In the data below, find the line containing "Icelanders head off" and the line containing "June 11, 2019, Stepanakert, Azerbaijan: General", then reproduce them and every line between, exactly. Omit pictures.

Provided entries:
----------
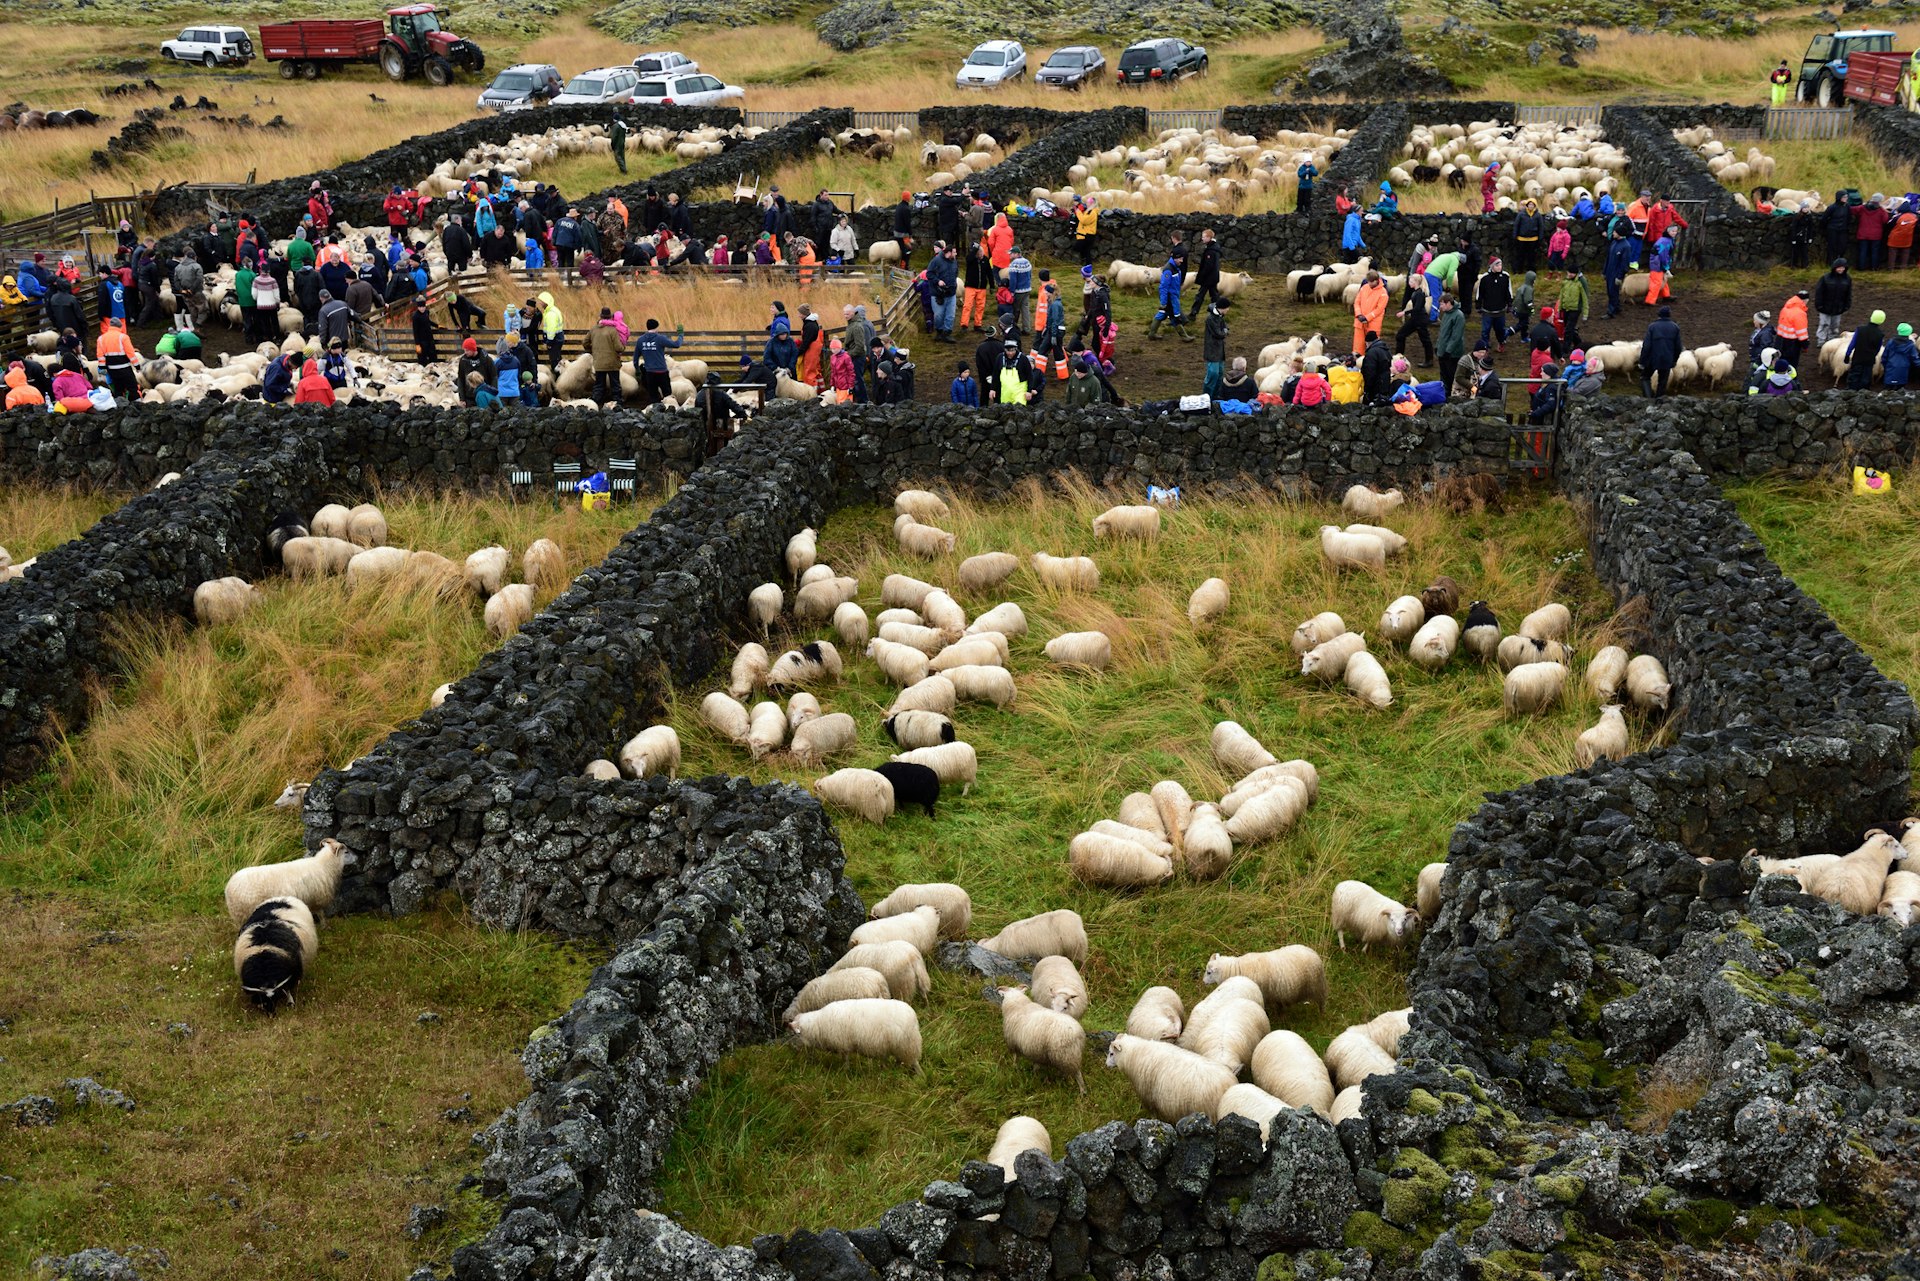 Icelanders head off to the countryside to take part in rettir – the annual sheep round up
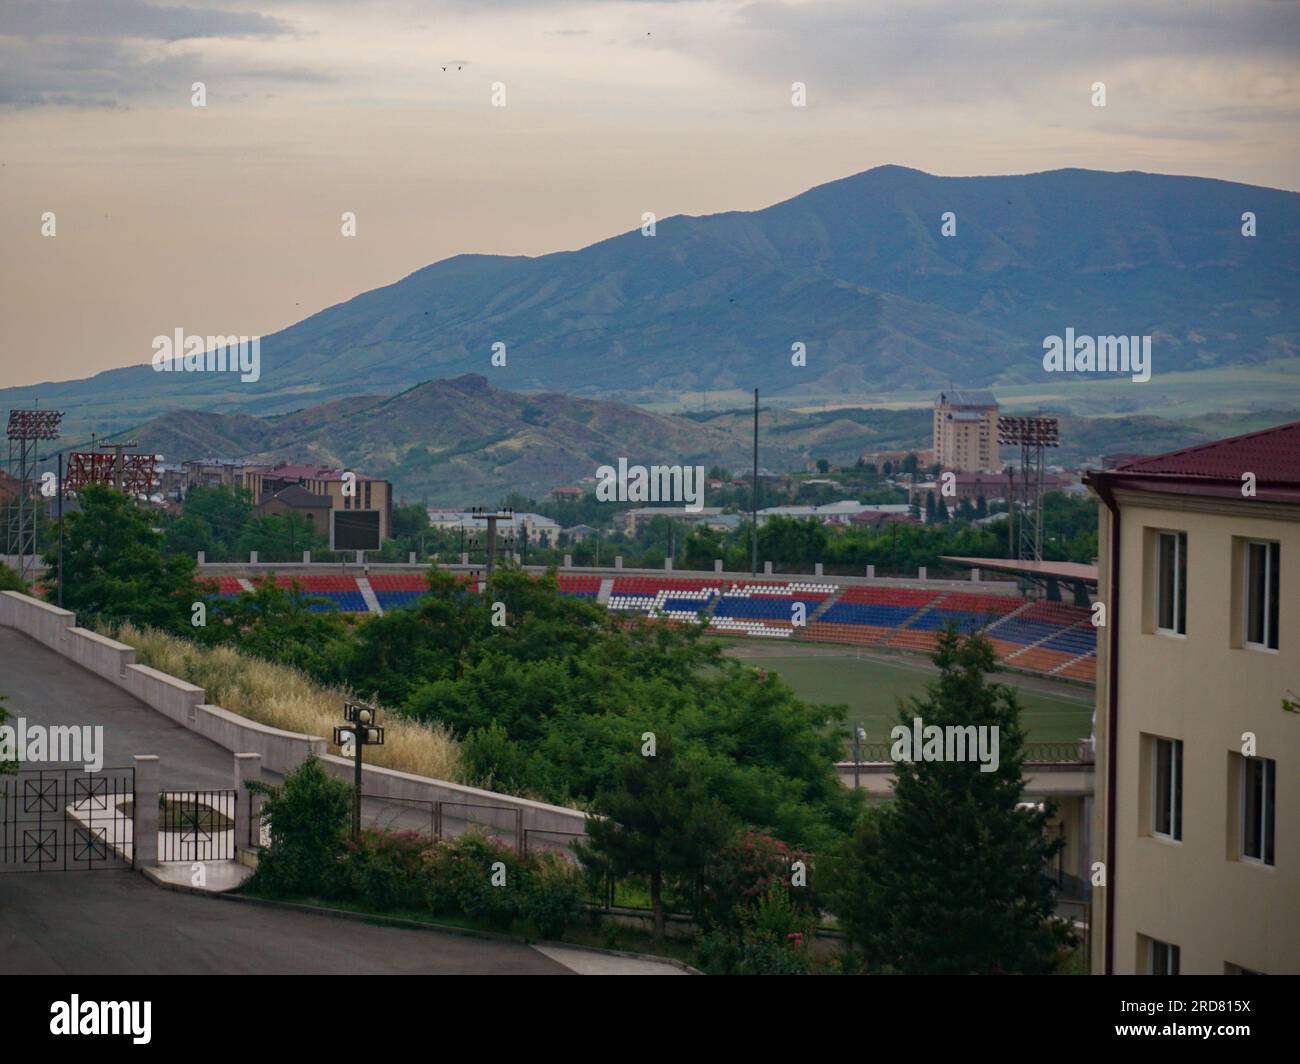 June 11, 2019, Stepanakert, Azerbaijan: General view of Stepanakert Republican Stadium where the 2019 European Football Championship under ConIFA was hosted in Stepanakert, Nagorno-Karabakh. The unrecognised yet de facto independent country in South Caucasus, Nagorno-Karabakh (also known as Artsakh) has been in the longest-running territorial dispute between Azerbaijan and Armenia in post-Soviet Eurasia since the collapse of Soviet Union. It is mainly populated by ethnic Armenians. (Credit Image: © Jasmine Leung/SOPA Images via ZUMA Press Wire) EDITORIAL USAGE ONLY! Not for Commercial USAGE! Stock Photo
----------
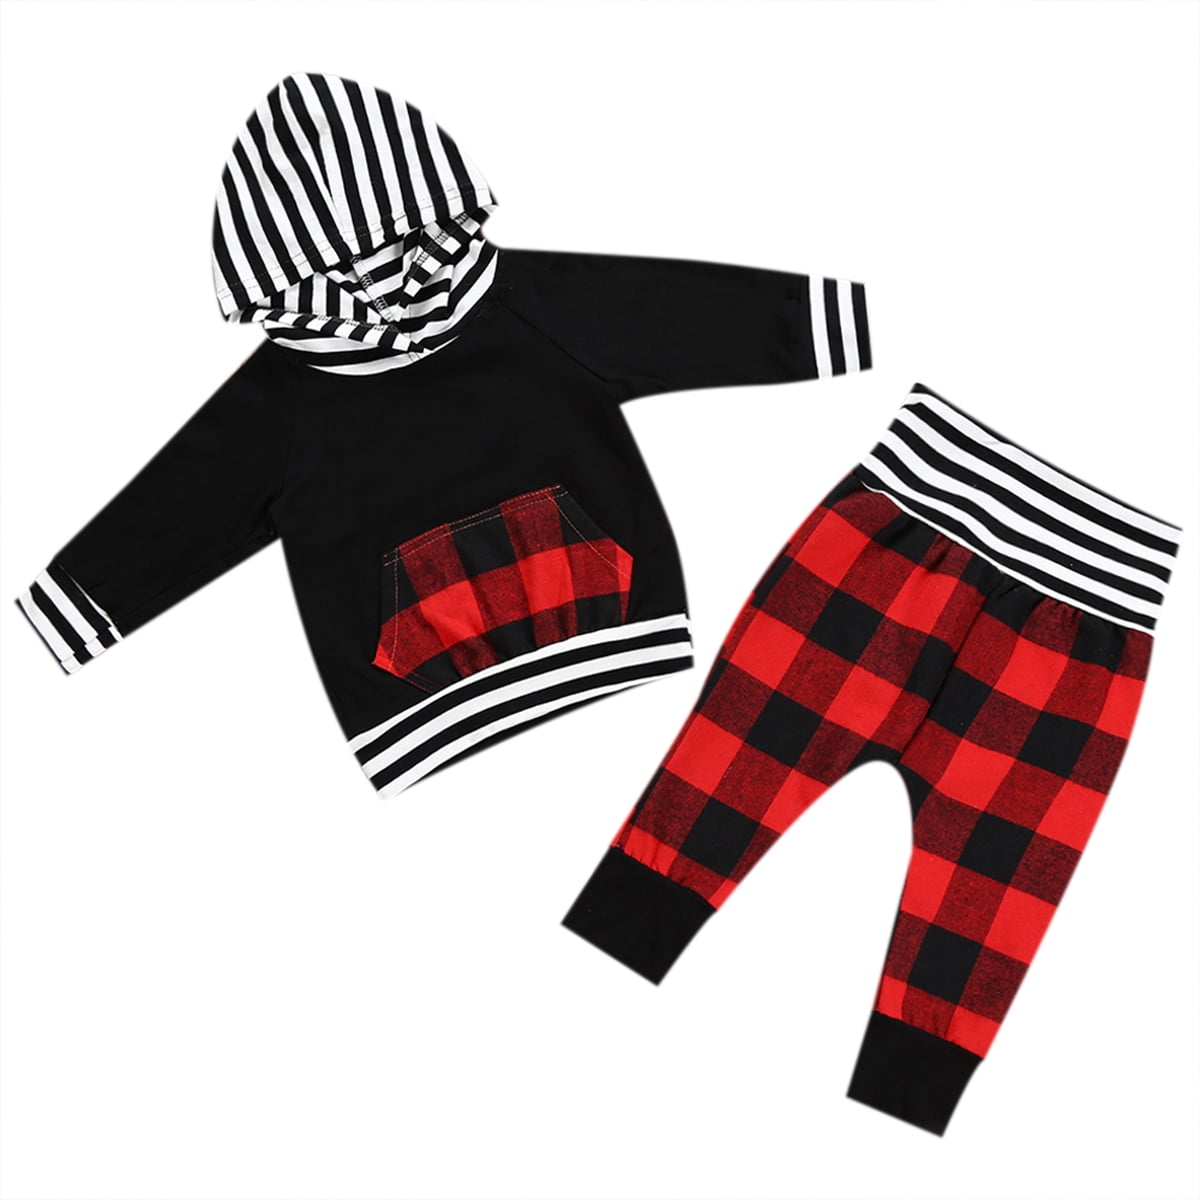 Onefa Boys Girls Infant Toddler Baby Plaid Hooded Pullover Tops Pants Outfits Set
----------
Answer to this problem:
 Icelanders head off to the countryside to take part in rettir – the annual sheep round up
 June 11, 2019, Stepanakert, Azerbaijan: General view of Stepanakert Republican Stadium where the 2019 European Football Championship under ConIFA was hosted in Stepanakert, Nagorno-Karabakh. The unrecognised yet de facto independent country in South Caucasus, Nagorno-Karabakh (also known as Artsakh) has been in the longest-running territorial dispute between Azerbaijan and Armenia in post-Soviet Eurasia since the collapse of Soviet Union. It is mainly populated by ethnic Armenians. (Credit Image: © Jasmine Leung/SOPA Images via ZUMA Press Wire) EDITORIAL USAGE ONLY! Not for Commercial USAGE! Stock Photo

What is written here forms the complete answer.